Наденька играла с полчаса, и потом Александр напомнил ей:
— А не пора ли браться за уроки?
— Пора, — с сожалением сказала Наденька и, усадив куклу, неохотно стала раскладывать тетради. Александр спросил:
— Тебе не нравится делать уроки?
Наденька потупилась.
— Нет.
— Почему?
— Скучно, — пожаловалась она. — Заставляют одни и те же слова писать по десять раз. И читать тоже. А я все это еще в прошлом году выучила. Мама хотела отдать меня сразу во второй класс, но меня не пустили.
— Тогда действительно скучно, — согласился Александр. — Но раз велят — надо делать.
— Я делаю, — опять вздохнула Наденька.
— А какие у тебя отметки?
— Пятерки, — сказала Наденька таким тоном, словно других отметок вообще не существовало.
И когда он смотрел, как Наденька старательно выводит буквы, высунув язычок и склонив голову набок, — он подумал о том, как хорошо было бы остаться здесь навсегда и каждый день видеть, как Наденька готовит уроки. О том, как это могло бы произойти, он старался не думать, зная, что тотчас же возникнут вопросы тяжелые и вряд ли разрешимые, а ему ничем не хотелось омрачать свое радужное настроение. Просто приятно вообразить хотя бы на минуту, что такое возможно…

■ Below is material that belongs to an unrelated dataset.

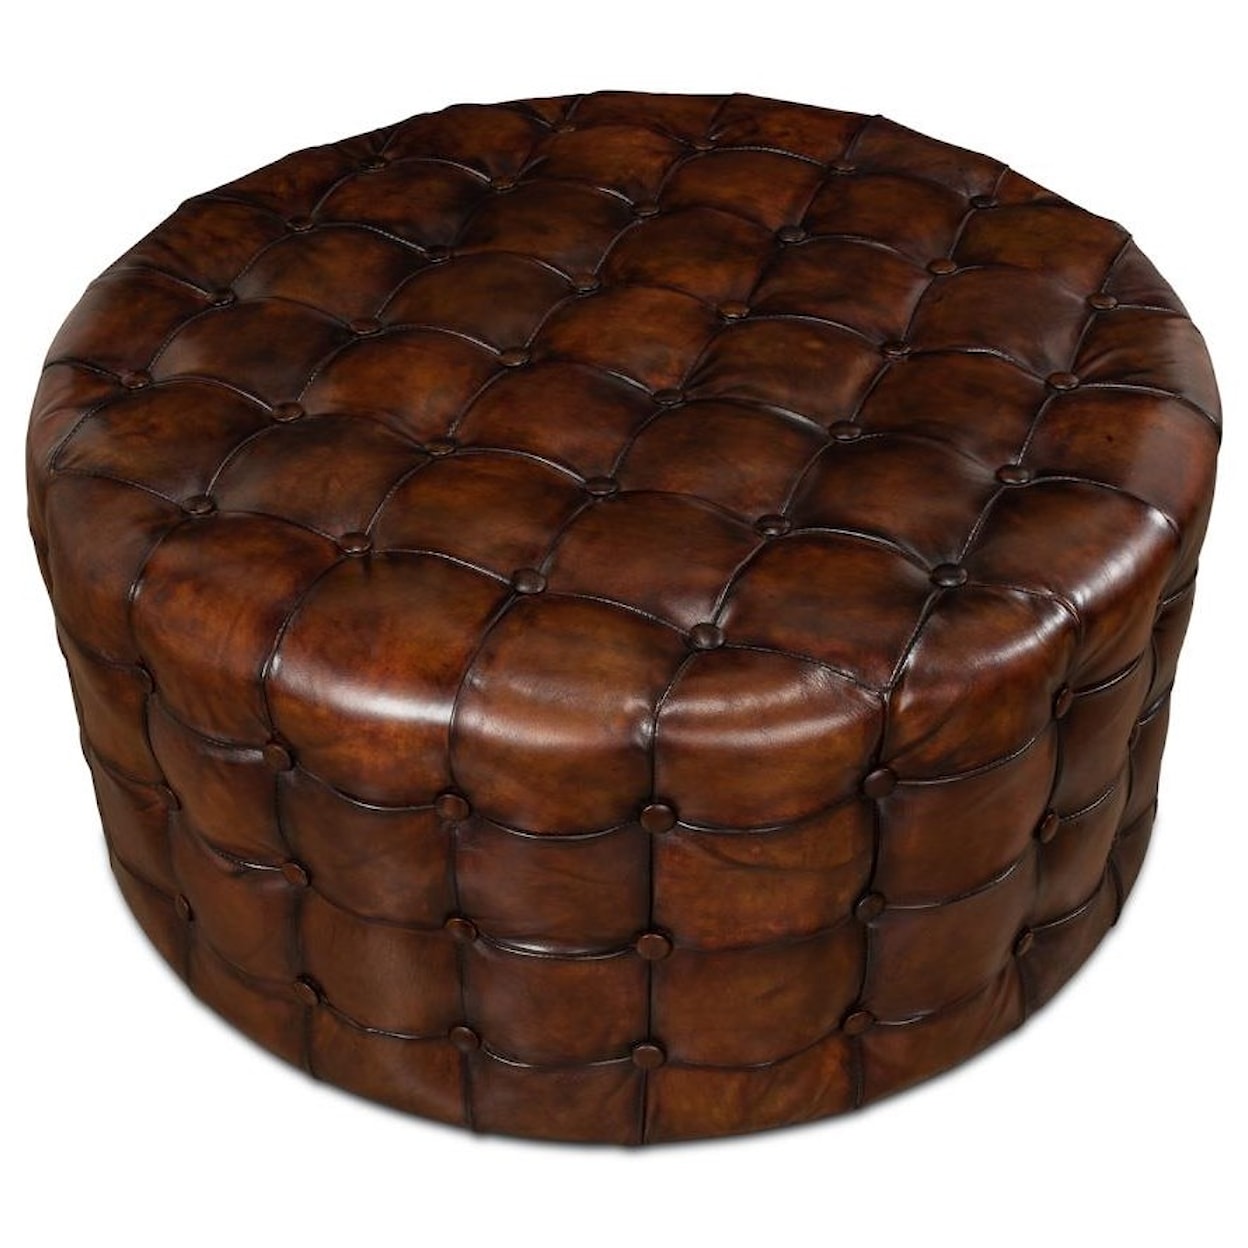 Sarreid Ltd Benches, Stools and Ottomans Leather Tufted Ottoman

Пришла Лиля, и снова был вечер спокойных разговоров, но когда наступила третья ночь, Александр, простояв на кухне два часа и выкурив множество сигарет, понял, что не может больше вынести этой неопределенности. Он тихим, но решительным шагом вошел в комнату и уверенно сказал:
— Ты не спишь.
— Нет, — ответила Лиля, и он присел на край ее постели и осторожным движением взял ее руку, приятно пахнущую чем-то душистым, и прижал ее к своему лицу. Рука Лили безвольно касалась его губ. Она молчала — и когда Александр выпустил ее руку, попросила:
— Не надо, Саша. Иди спи.
— Почему не надо?
— Завтра у меня свободный день, и мы обо всем поговорим.
— Хорошо, — не сразу сказал он. — Спи.
И, не удержавшись, он легким движением коснулся ее плеча, смутно белевшего в темноте, и ушел на кухню. И опять, как и в предыдущие ночи, смотрел в темноту и много курил. А потом услышал, как осторожно встает Лиля, и замер от тревожного предчувствия: «Сейчас…»
Было два часа ночи.
Лиля, не глядя на него, зажгла плиту и поставила чайник, сказала, не оборачиваясь:
— Если хочешь, могу сварить тебе кофе.
— Не нужно.
Она вытряхнула пепельницу и сказала:
— Ты очень много куришь.
— Извини.
— Я не потому. — Лиля наконец-то улыбнулась. — Кури, сколько хочешь, но ведь это же вредно.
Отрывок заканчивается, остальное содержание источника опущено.